- Data for the task
:::

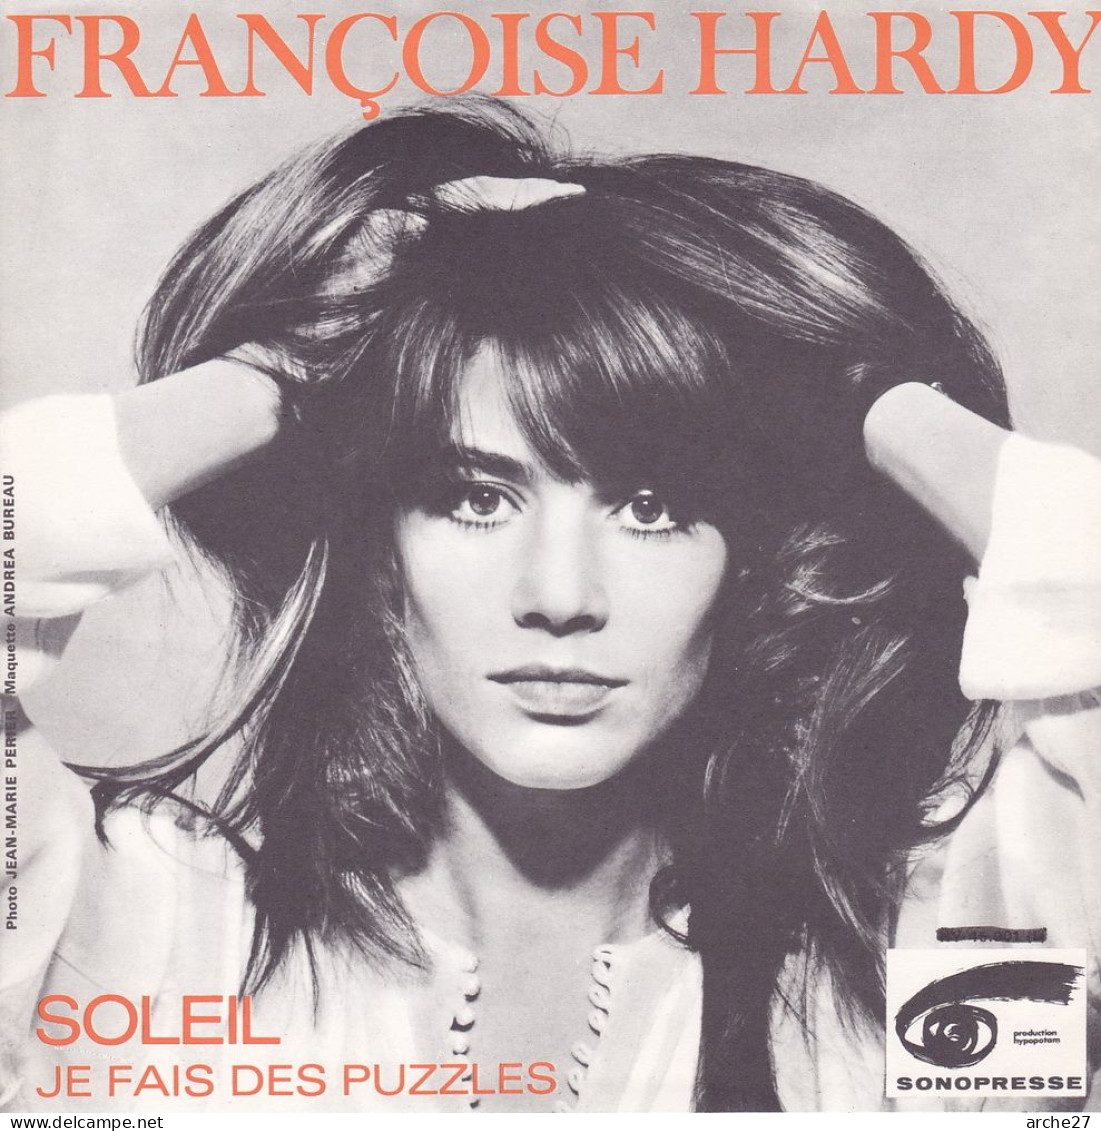 POCHETTE (encart) SP 45 TOURS Françoise HARDY - HY 45901 L (sans Disque) - Accessories & Sleeves
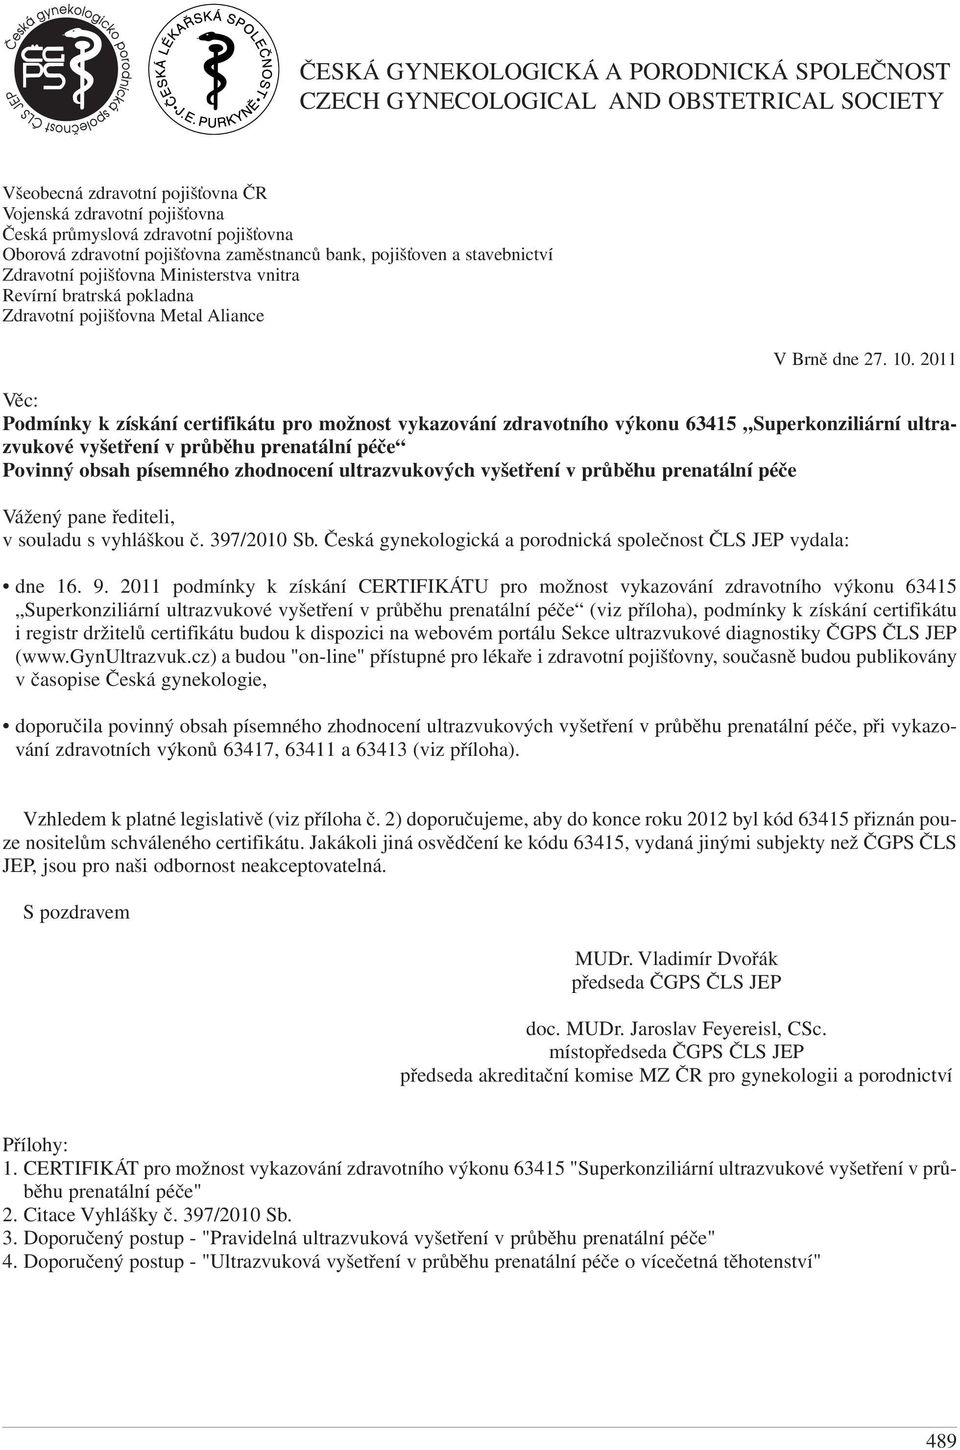 certifikátu pro možnost vykazování zdravotního výkonu 63415 Superkonziliární ultrazvukové vyšetření v průběhu prenatální péče Povinný obsah písemného zhodnocení ultrazvukových vyšetření v průběhu
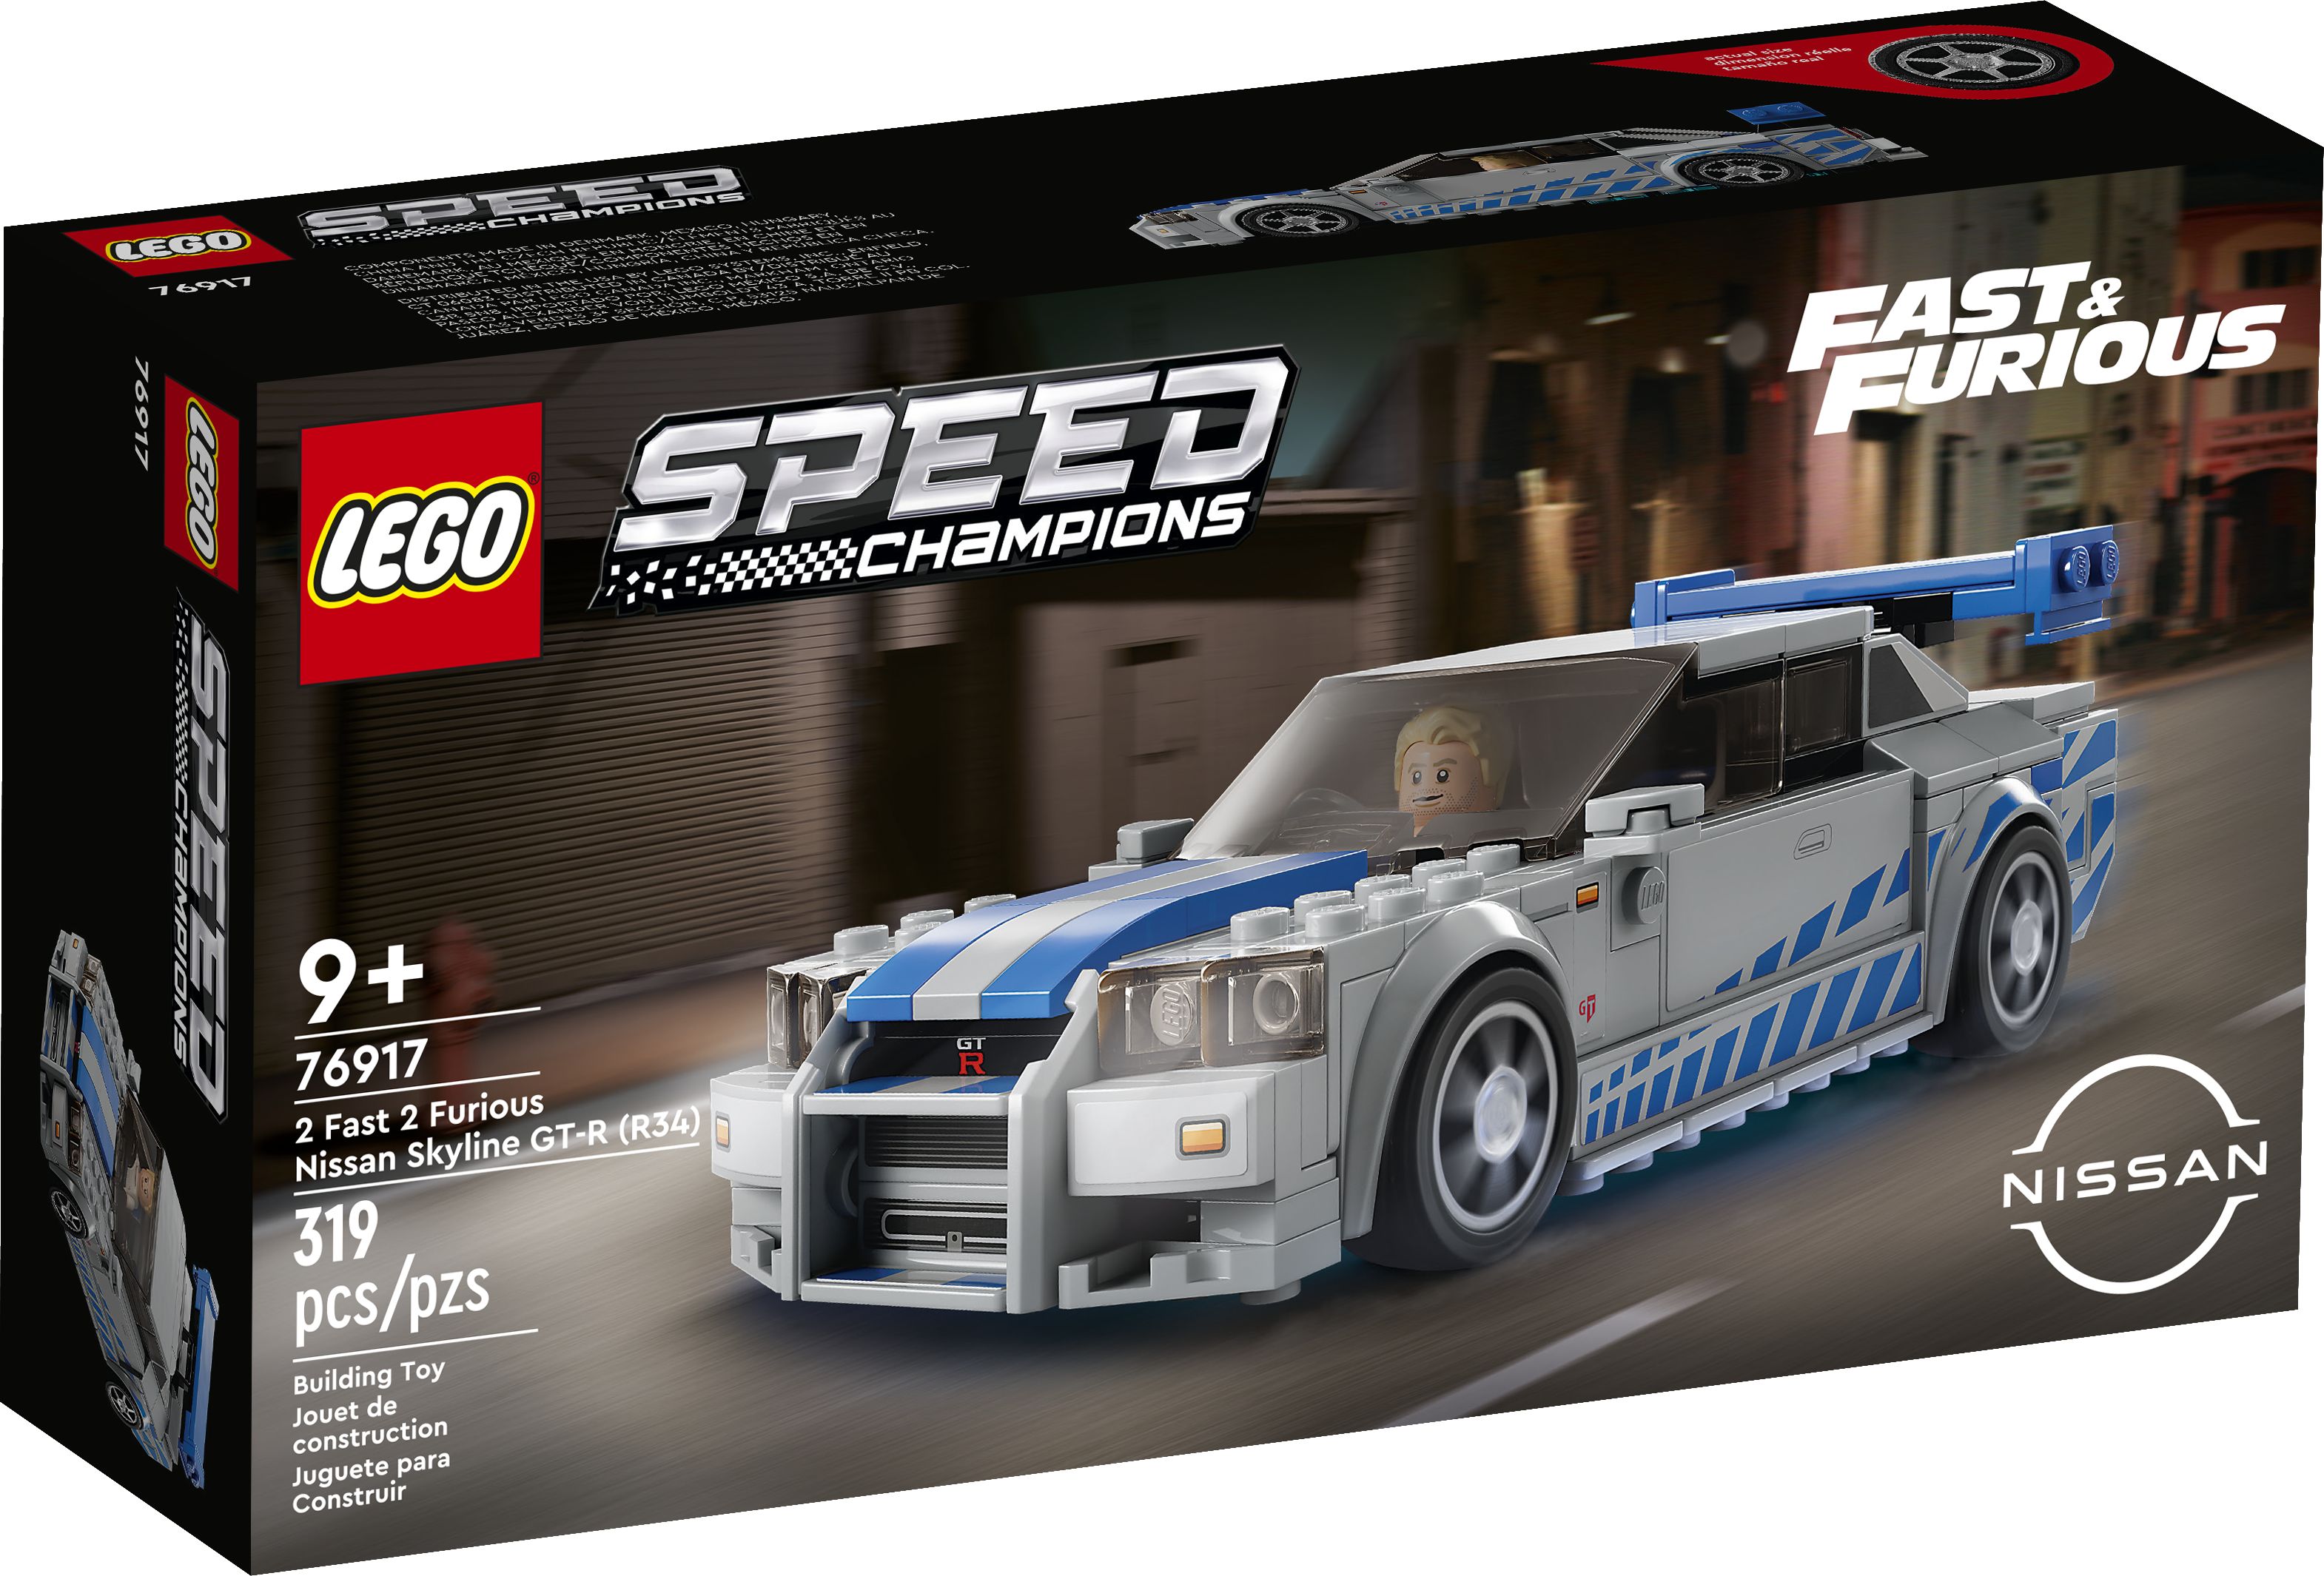 LEGO Speed Champions 76917 2 Fast 2 Furious – Nissan Skyline GT-R (R34) LEGO_76917_Box1_v39.jpg
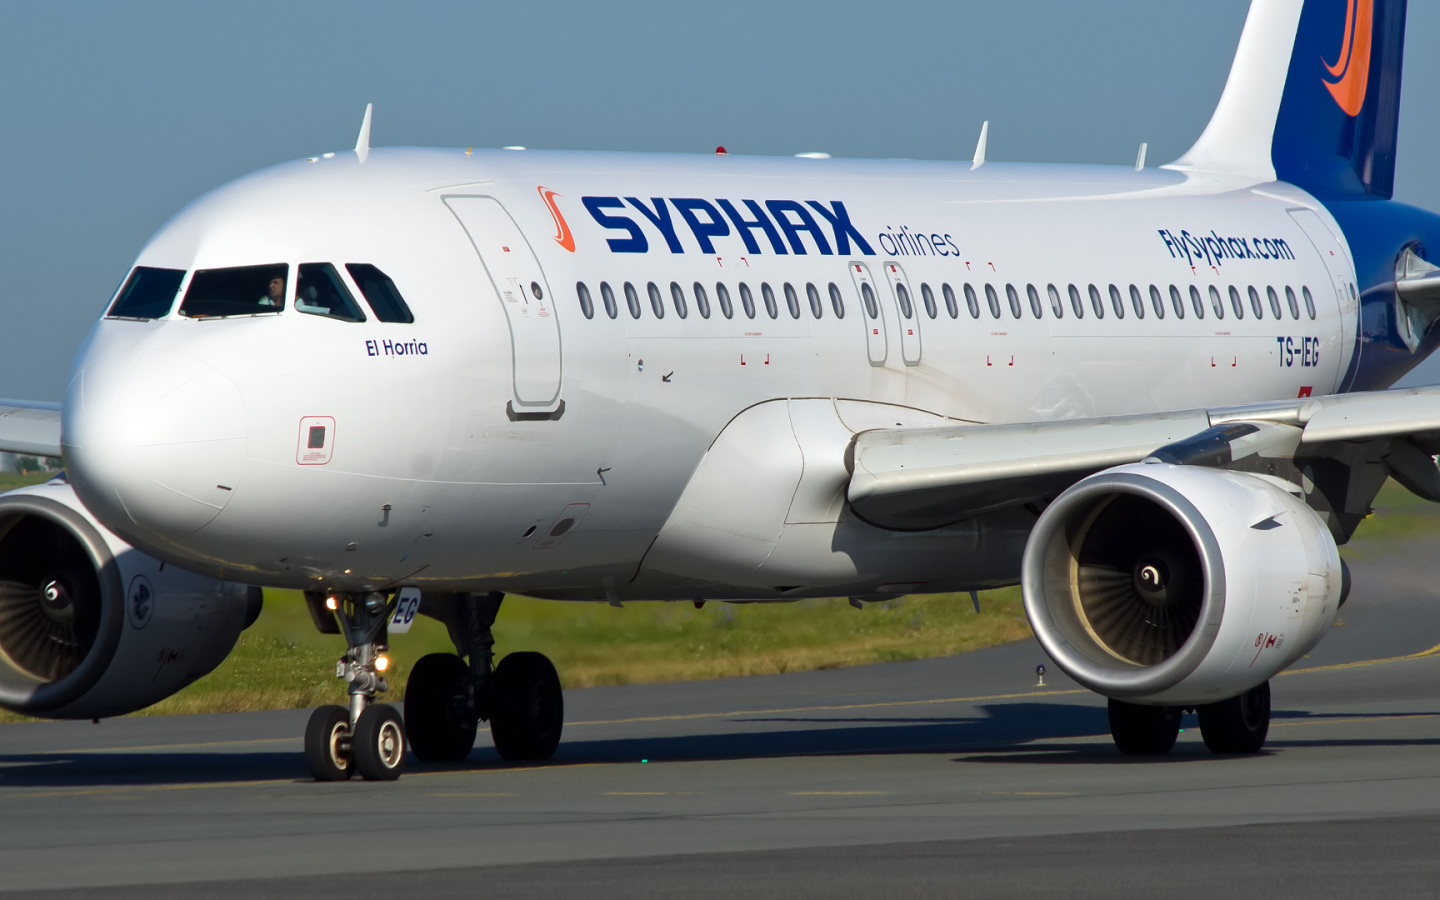 Самолет Airbus A319 авиакомпании Syphax Airlines на взлетной полосе 
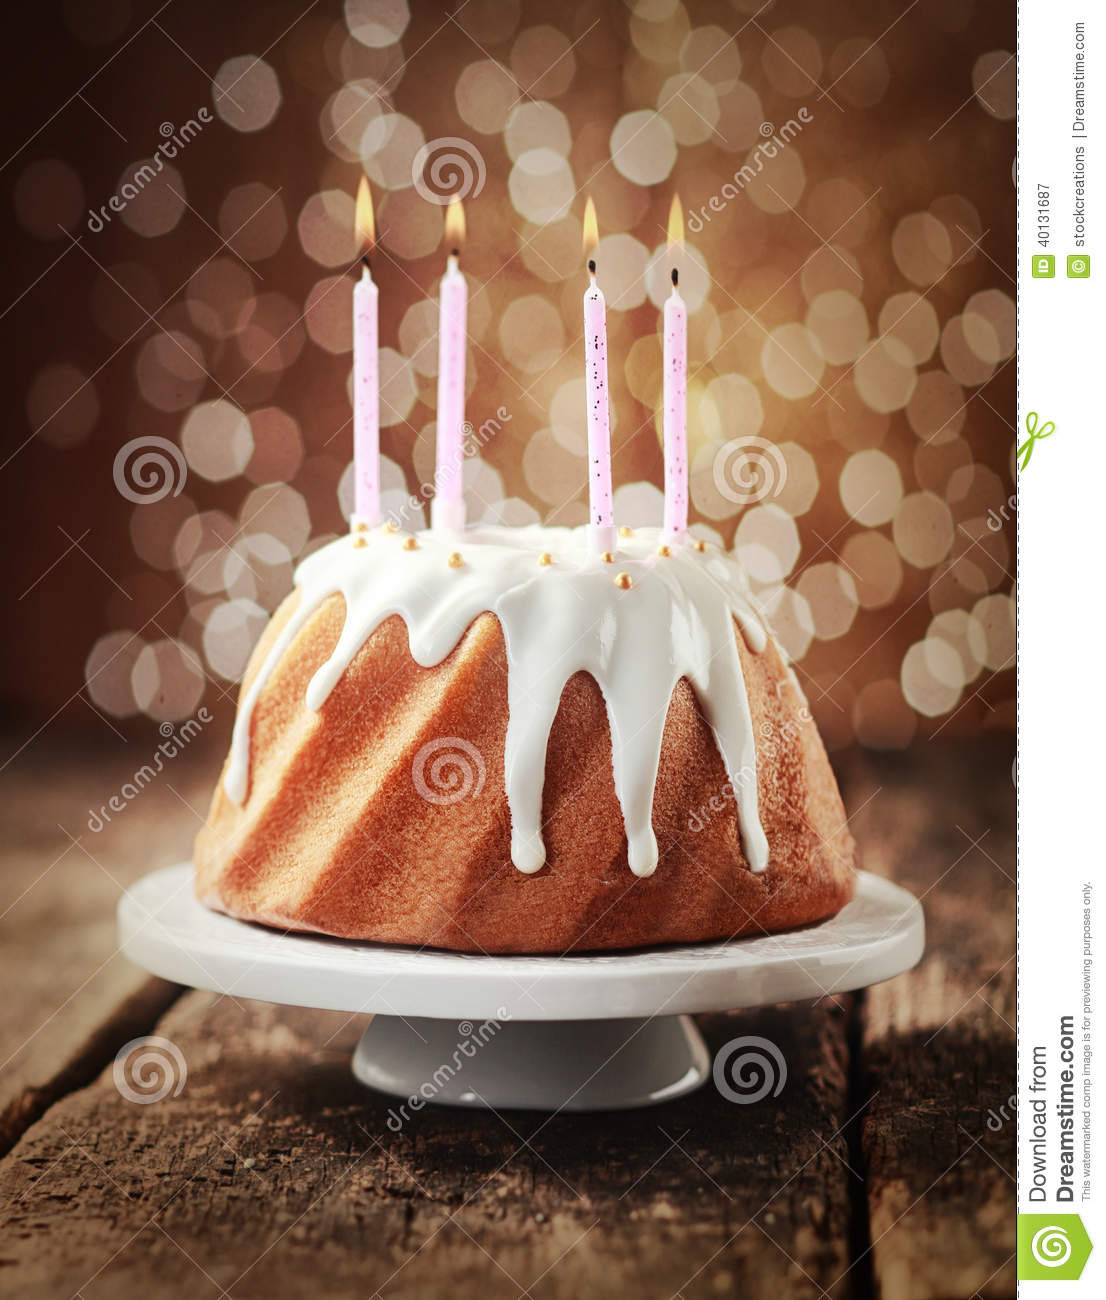 Geburtstagskuchen Mit Kerzen
 Geburtstagskuchen Mit Vier Brennenden Kerzen Stockbild

:::

- Your objective
An exact copy is needed of every line from the one holding "Самолет Airbus A319" to the end of the entries above, both ends kept and each picture dropped.

- Output below
 Самолет Airbus A319 авиакомпании Syphax Airlines на взлетной полосе 
 Geburtstagskuchen Mit Kerzen
 Geburtstagskuchen Mit Vier Brennenden Kerzen Stockbild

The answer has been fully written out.